The income tax provision (benefit) for the three and nine months ended September 29, 2019, was $(0.2) million, or an effective tax rate of (1.9)%, and $2.7 million, or an effective tax rate of 9.4%, respectively. The income tax provision for the three and nine months ended September 30, 2018, was $5.5 million, or an effective tax rate of 25.2%, and $6.7 million, or an effective tax rate of 27.2%, respectively. The decrease in the effective tax rate and tax expense for the three and nine months ended September 29, 2019, compared to the prior year periods, resulted primarily from the resolution of income tax examinations for the United Kingdom and Germany that concluded during the three months ended September 29, 2019. The resolution of these examinations resulted in a favorable adjustment to the Company’s uncertain tax positions. Additionally, during the three-month period, the Company finalized its US federal income tax return resulting in the recognition of favorable benefits from the true up of previous estimates. These favorable adjustments were partially offset by an increase in the overall forecasted effective tax rate caused by an estimate of the US federal Base Erosion Anti-abuse Tax (BEAT). In addition to the items noted for the three months ended September 29, 2019, the effective tax rate for the nine months ended September 29, 2019 also included a benefit related to the closing of the French tax audit.
 
The Company is subject to income taxes in the U.S. and numerous foreign jurisdictions. The future foreign tax rate could be affected by changes in the composition in earnings in countries with tax rates differing from the U.S. federal rate. The Company is under examination in various U.S. jurisdictions.
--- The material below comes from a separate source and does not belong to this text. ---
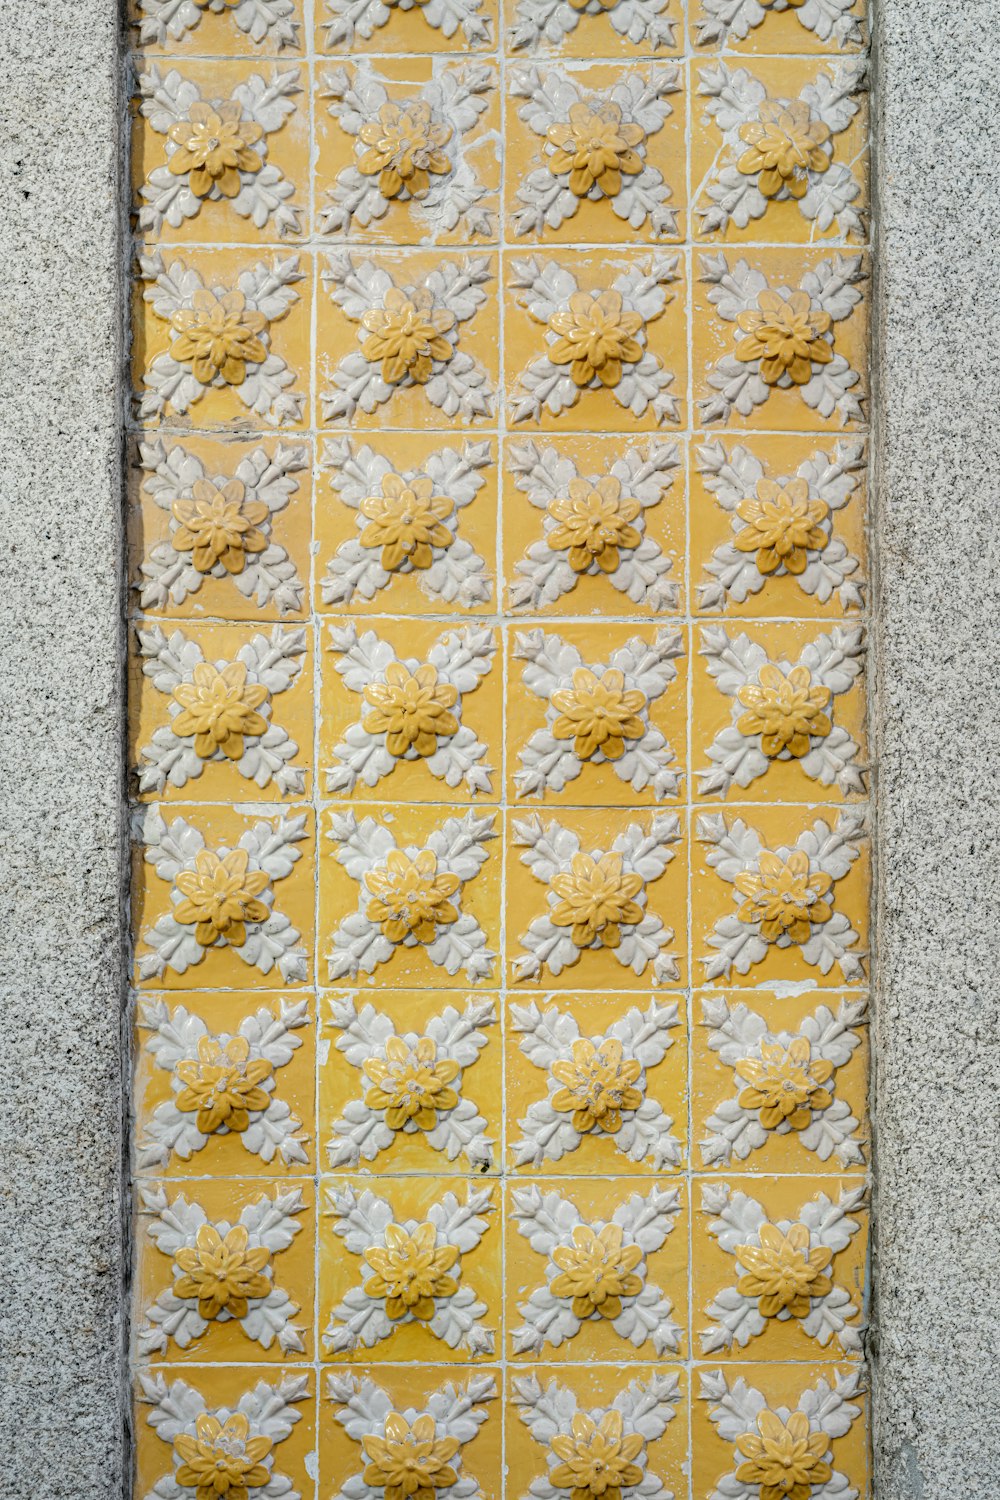 a yellow and white tile with white flowers on it

The Company files income tax returns in the U.S. federal jurisdiction as well as various state, local, and foreign jurisdictions. Due to the uncertain nature of ongoing tax audits, the Company has recorded its liability for uncertain tax positions as part of its long-term liability as payments cannot be anticipated over the next twelve months. The existing tax positions of the Company continue to generate an increase in the liability for uncertain tax positions. The liability for uncertain tax positions may be reduced for liabilities that are settled with taxing authorities or on which the statute of limitations could expire without assessment from tax authorities. The possible reduction in liabilities for uncertain tax positions in multiple jurisdictions in the next twelve months is approximately $0.7 million, excluding the interest, penalties and the effect of any related deferred tax assets or liabilities.